Schaut man sich die Geräusch- und Handlungspalette an, wird einmal mehr deutlich, dass es sehr wahrscheinlich zuvor in kümmernden Situationen zu Konditionierungen gekommen ist, wenn ASMR-Trigger wirken. Emma L. Barratt und Nick J. Davis haben in ihrer bereits erwähnten empirischen Studie, die angesichts einer Fülle neuer ASMR-Videos und -Praktiken sicherlich schon als veraltet gelten kann, folgende Responsewahrscheinlichkeit bestimmten Triggern zugeordnet: Auf Whispering reagieren 75% der Befragten, auf Personal Attention 69%, auf Crisp Sounds (Metallic Foil, Tapping, Fingernails, etc.) 64%, auf Slow Movements 53%, Repetitive Movements 36%, Smiling 13%, Aeroplane Noise 3%, Vacuum Cleaner Noise 2%. Die Kategorien wirken insgesamt inkommensurabel und letzteres Ergebnis absurd, aber es handelt sich beim Staubsauger-Geheul und -Gebrumme immerhin um ein häufig wiederkehrendes Zuhause-Geräusch. Selbst ich als Flugängstliche kann mir vorstellen, was an Flugzeuggeräuschen beruhigend ist, nämlich gar nichts, aber sie erinnern an den betüttelnden Habitus von Flugbegleiter*innen.

Wo wir beim Setting wären – Geräusche und Handlungen werden teilweise ohne fiktiv-erzählerischen Rahmen vollzogen, indem die YouTuber*innen als XY, die sie sind, entweder so tun, als berührten sie die Kamera, also das Gesicht der Rezipient*innen, oder diese Handlungen an sich selbst vollziehen.
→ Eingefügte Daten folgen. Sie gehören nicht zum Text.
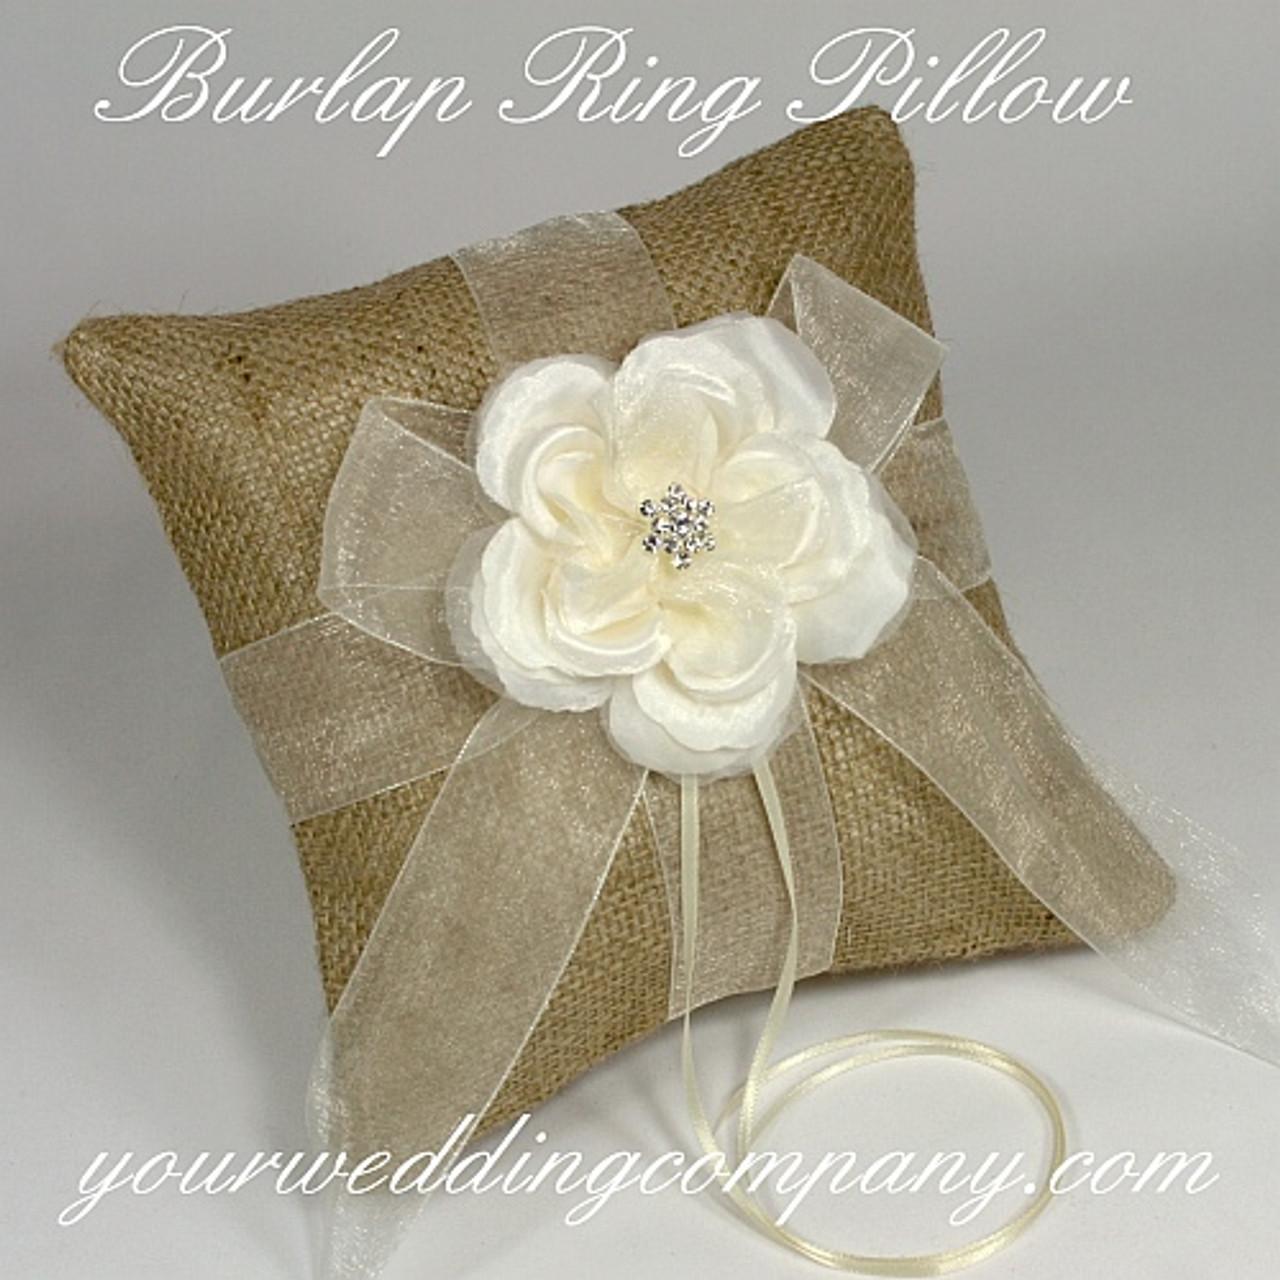 southwestern wedding hessian ring cushion rustic wedding beige satin ribbons Minimalist burlap ring bearer pillow beach

Nicht selten wird beides kombiniert. Als Trockenübungen streichen sich die YouTuber*innen dann selbst über Gesichtspartien, um anschließend auf oder über die Kamera, also in das Gesichtsfeld der Zuschauer/hörer*innen, zu greifen. Es ist interessant, wie gut das funktioniert, wie zielsicher die YouTuber*innen in die Ecke des Bildschirms und darüber hinausgreifen, und wie wir uns diese Ecke als unser Ohr vorstellen können. Aber natürlich muss auch gesagt oder geflüstert werden, dass jetzt sanft das Ohr berührt wird. Teilweise findet ein sog. ›Role Play‹ statt, d.h. es gibt eine fiktiv-diegetische Rolle und Geschichte, in deren Rahmen die YouTuber*innen Kosmetiker*innen, Ärzt*innen, Heiler*innen, Maler*innen, besagte Flugbegleiter*innen etc. spielen, die sich an die Zuschauer/hörer*innen adressieren, als seien sie Kund*innen in den Salons, Praxen, Ateliers etc.

Besonders einfallsreich und gekünstelt wirkt die Gesichtsvermessung, während der immer wieder ein Maßband in das Bildfeld gehalten wird, das beim Ab- und Aufrollen ksssst und srrrrt, und mit einem Stift hörbar auf Papier unsere Gesichtsmaße, z.B. der Abstand zwischen den Augen, notiert werden. Es findet in den ›Role Plays‹ ein imaginierter Dialog statt, der ebenfalls gut abgemessen sein will. Unsere Antworten auf Fragen bleiben die Leerstellen, in denen es eigentlich so viele Variationsmöglichkeiten wie Rezipient*innen gibt, aber auf die Frage ›Wie geht es Ihnen‹ folgt eine Pause mit fragendem und abwartendem, interessiertem und liebem Blick in die Kamera, und dann entweder die Antwort: ›Verstehe, mir geht es auch nicht so gut‹ oder: ›Ja, das ist fein. Ich freue mich, dass es Ihnen gut geht‹.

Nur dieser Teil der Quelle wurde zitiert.